Safeguarding Your Content with Digital Commons

Category : Preservation

A Comprehensive Approach

Over time, many different technologies may be used to safeguard an institution’s intellectual assets. As an organization responsible for providing hosted repository services, we see our role as integral to helping you achieve your long-term goals in this area.

Our current strategy for safeguarding your content entails a robust infrastructure, archival options, regular maintenance schedule, and an array of services that we know many individual institutions find difficult to provide for themselves. We protect your intellectual assets against a variety of threats, from the passage of time to direct, malicious attacks to the service. We take these threats seriously and constantly evaluate the level of security our system provides.

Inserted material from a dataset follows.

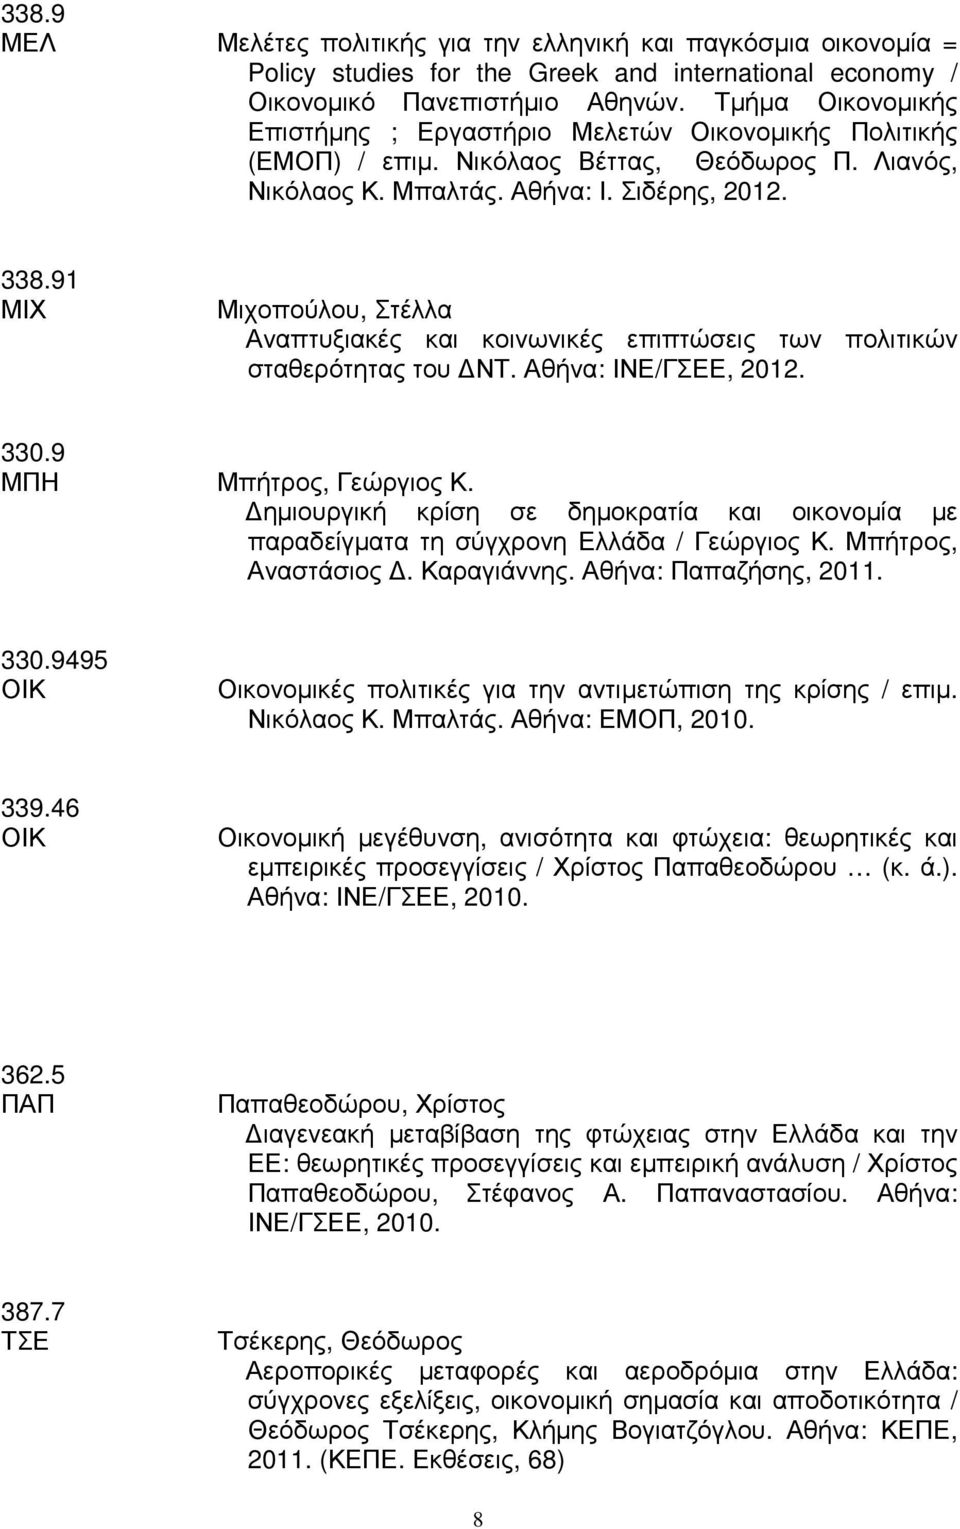 91 ΜΙΧ Μιχοπούλου, Στέλλα Αναπτυξιακές και κοινωνικές επιπτώσεις των πολιτικών σταθερότητας του ΝΤ. Αθήνα: ΙΝΕ/ΓΣΕΕ, 2012. 330.9 ΜΠΗ Μπήτρος, Γεώργιος Κ.

We also recognize the importance of our ability to maintain a high level of service to our subscribers. Since our founding in 1999, bepress has been very successful at providing software services to the scholarly community. We have been developing and actively hosting institutional repositories since 2002. During this time, we have invested considerable resources in developing Digital Commons into the world’s leading hosted repository platform. Today we host repositories for 500+ institutions around the world. We are financially healthy, and our revenues are steady.

Digital Commons is a high-availability platform that utilizes a distributed file system to provide fast and reliable access for content upload and delivery worldwide. Our service offers unlimited storage, offsite backups on Amazon Glacier, and the option to receive archives via Amazon S3. Our provision of permanent URLs to repository records underscores our commitment to the preservation of information and objects in the long term.

In the remainder of this document, we highlight key services employed to safeguard your content. We encourage you to read carefully and let us know how we can improve our services for the future.

Persistent URLs

One of the most important aspects of maintaining a reliable repository service is the provision of stable links to your content. Digital Commons provides clean, stable, and easily citable links to your content. These links take the following form: http://your_domain.edu/your_collection/submission number/.

For example, the URL “http://digitalcommons.unl.edu/feralhog/5/” refers to content hosted by the University of Nebraska-Lincoln (“http://digitalcommons.unl.edu“) in a collection of papers about feral hogs (“feralhog”), and points to the fifth paper posted to this collection (“5”).

We do not change the URLs that point to your content, even if you move a collection within your site’s hierarchy. We do, however, provide tools that allow you to manage the content on your webpages or completely remove webpages in the case of mistaken submissions or take-down requests.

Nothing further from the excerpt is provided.